Here is (an extremely simplified version of) my problem.
I'm using Postgresql as the backend and trying to build a sqlalchemy query from another query.
Here are the tables with some random data for the example. You can assume that each table was declared in sqlalchemy declaratively, with the name of the mappers being respectively Item and ItemVersion. At the end of the question you can find a link where I put the code for everything in this question, including the table definitions.
Some items.
item
+----+
| id |
+----+
| 1 |
| 2 |
| 3 |
+----+
A table containing versions of each item.
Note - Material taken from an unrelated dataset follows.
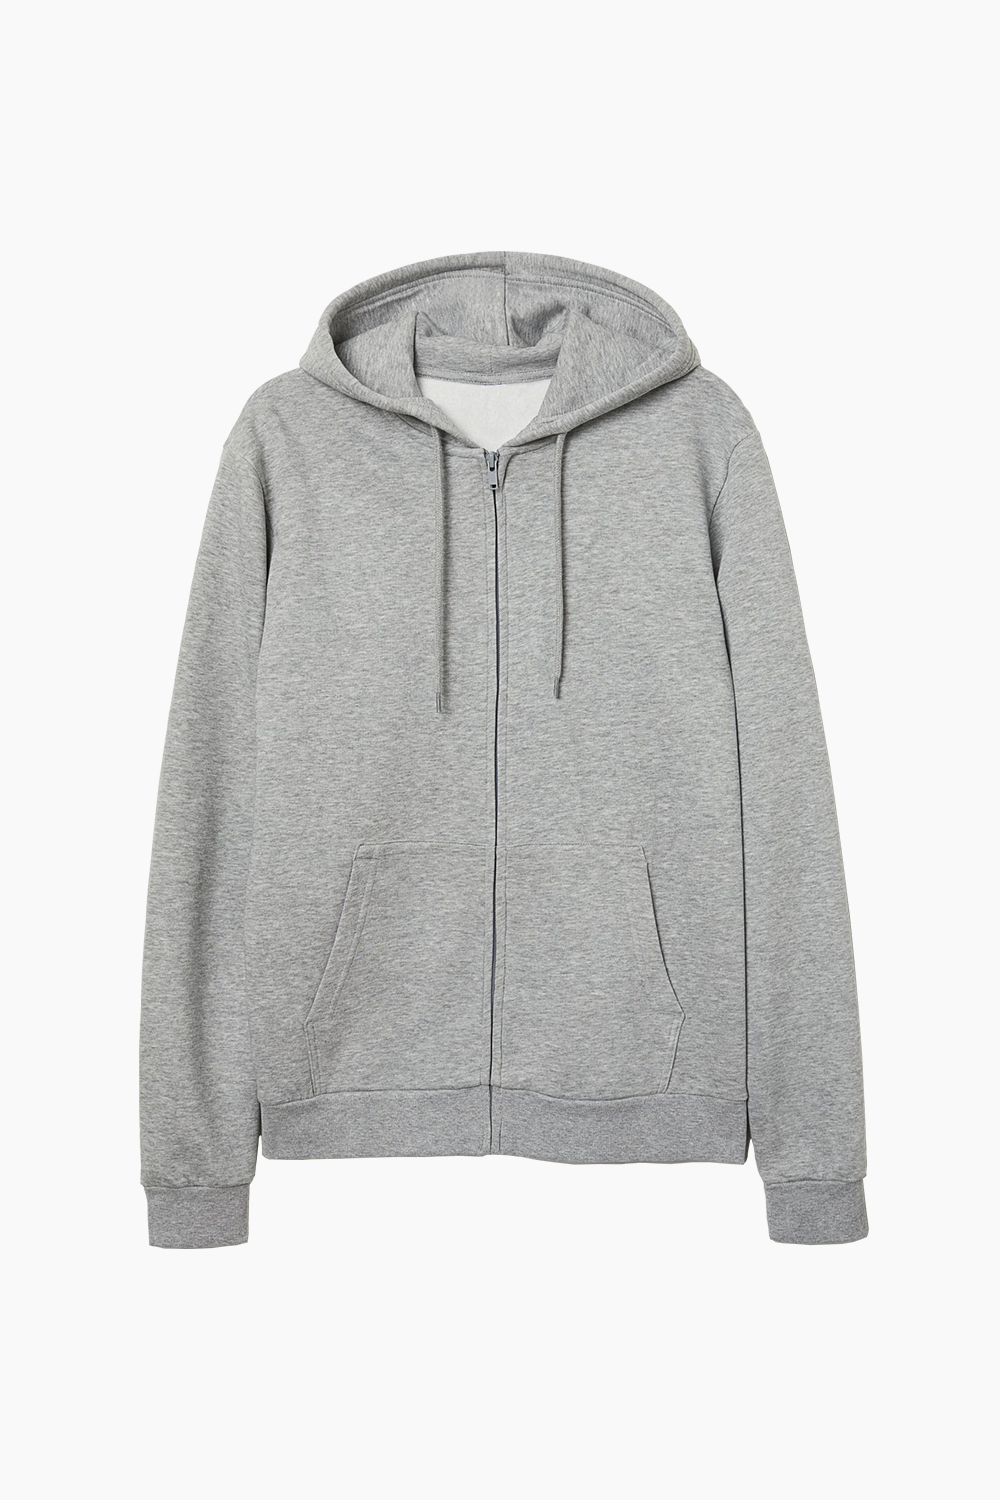 GRAY basic zipped hoodie

Each has at least one.
item_version
+----+---------+---------+-----------+
| id | item_id | version | text |
+----+---------+---------+-----------+
| 1 | 1 | 0 | item_1_v0 |
| 2 | 1 | 1 | item_1_v1 |
| 3 | 2 | 0 | item_2_v0 |
| 4 | 3 | 0 | item_3_v0 |
+----+---------+---------+-----------+
Now, for a given sqlalchemy query over Item, I want a function that returns
another query, but this time over (Item, ItemVersion), where the Items are
the same as in the original query (and in the same order!), and where the
ItemVersion are the corresponding latest versions for each Item.
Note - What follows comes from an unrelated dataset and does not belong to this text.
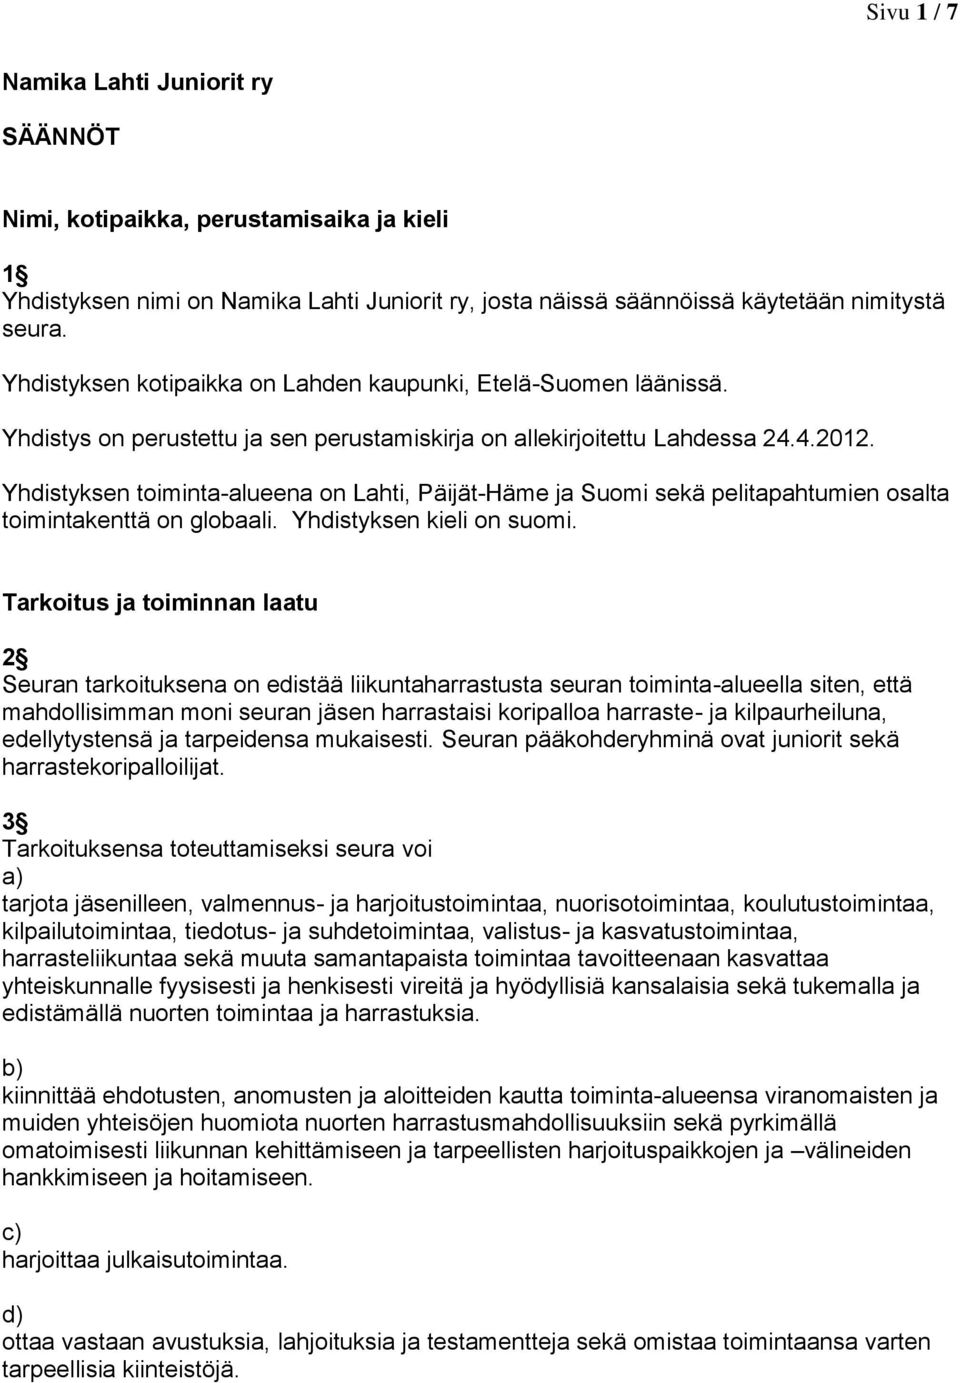 Yhdistyksen toiminta-alueena on Lahti, Päijät-Häme ja Suomi sekä pelitapahtumien osalta toimintakenttä on globaali. Yhdistyksen kieli on suomi.

Here is an example in SQL, which is pretty straightforward:
First a random query over the item table
SELECT item.id as item_id
FROM item
WHERE item.id != 2
ORDER BY item.id DESC
which corresponds to
+---------+
| item_id |
+---------+
| 3 |
| 1 |
+---------+
Then from that query, if I want to join the right versions, I can do
SELECT sq2.item_id AS item_id,
sq2.item_version_id AS item_version_id,
sq2.item_version_text AS item_version_text
FROM (
SELECT DISTINCT ON (sq.item_id)
sq.item_id AS item_id,
iv.id AS item_version_id,
iv.text AS item_version_text
FROM (
SELECT item.id AS item_id
FROM item
WHERE id != 2
ORDER BY id DESC) AS sq
JOIN item_version AS iv
ON iv.item_id = sq.item_id
ORDER BY sq.item_id, iv.version DESC) AS sq2
ORDER BY sq2.item_id DESC
Now the challenge is to write a function that does that in sqlalchemy. Here is what I have so far.
First the initial sqlalchemy query over the items:
session.query(Item).filter(Item.id != 2).order_by(desc(Item.id))
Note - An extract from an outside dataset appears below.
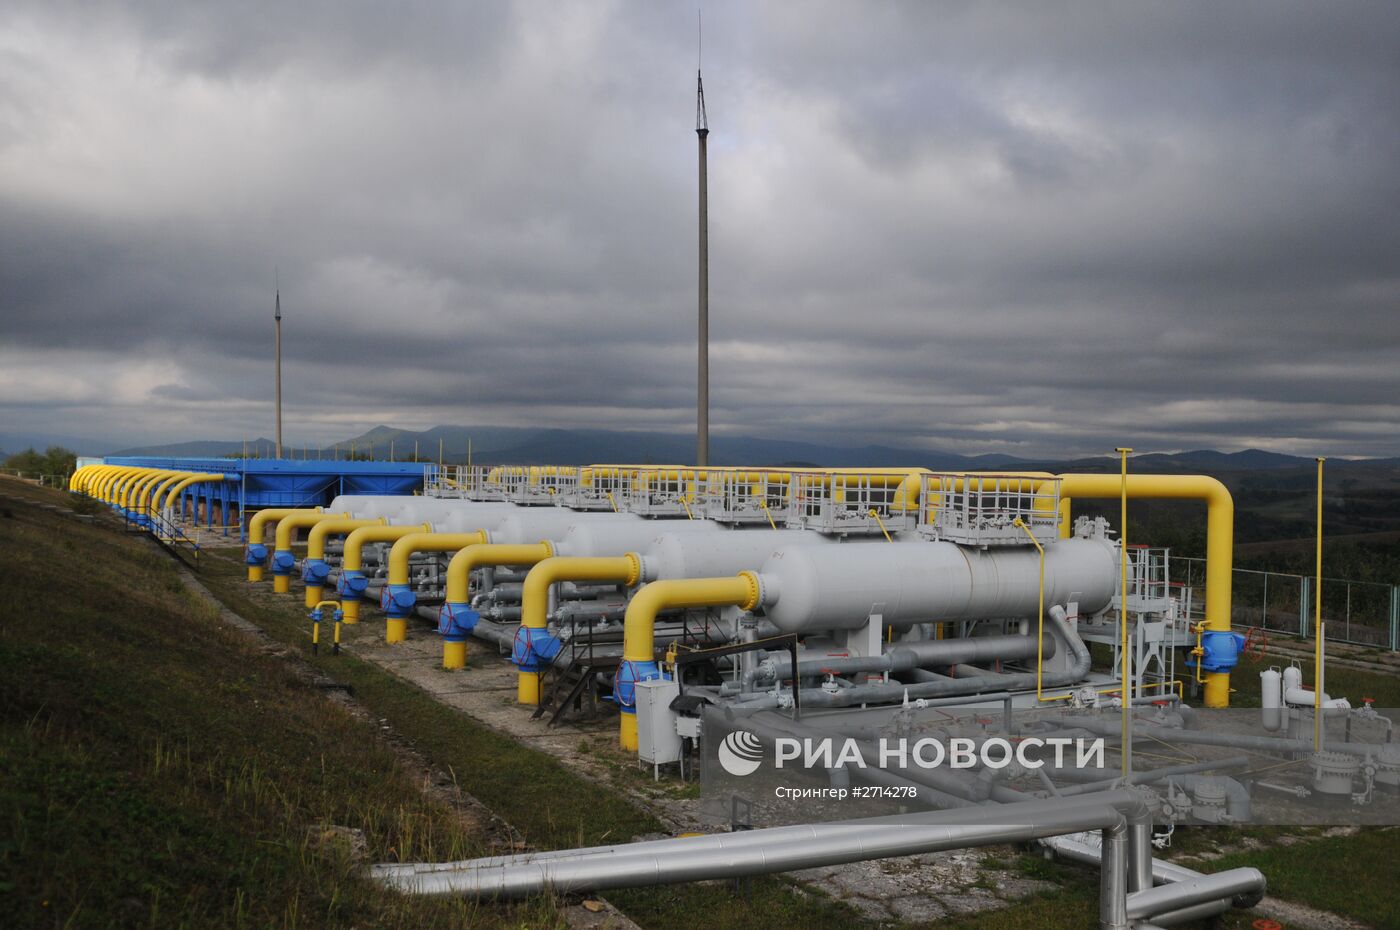 Высокогорная газокомпрессорная станция "Воловец" в Закарпатской области

Then I'm able to build my second query but without the original ordering. In
other words I don't know how to do the second subquery wrapping that I did in
SQL to get back the ordering that was discarded by the DISTINCT ON.
def join_version(session, query):
sq = aliased(Item, query.subquery('sq'))
sq2 = session.query(sq, ItemVersion) \
.distinct(sq.id) \
.join(ItemVersion) \
.order_by(sq.id, desc(ItemVersion.version))
return sq2
I think this SO question could be part of the answer but I'm not quite sure how.
The code to run everything in this question (database creation, population and
a failing unit test with what I have so far) can be found here. Normally
if you can fix the join_version function, it should make the test pass!
Ok so I found a way. It's a bit of a hack but still only queries the database twice so I guess I will survive! Basically I'm querying the database for the Items first, and then I do another query for the ItemVersions, filtering on item_id, and then reordering with a trick I found here (this is also relevant).
Here is the code:
def join_version(session, query):
items = query.all()
item_ids = [i.id for i in items]
items_v_sq = session.query(ItemVersion) \
.distinct(ItemVersion.item_id) \
.filter(ItemVersion.item_id.in_(item_ids)) \
.order_by(ItemVersion.item_id, desc(ItemVersion.version)) \
.subquery('sq')
sq = aliased(ItemVersion, items_v_sq)
items_v = session.query(sq) \
.order_by('idx(array{}, sq.item_id)'.format(item_ids))
return zip(items, items_v)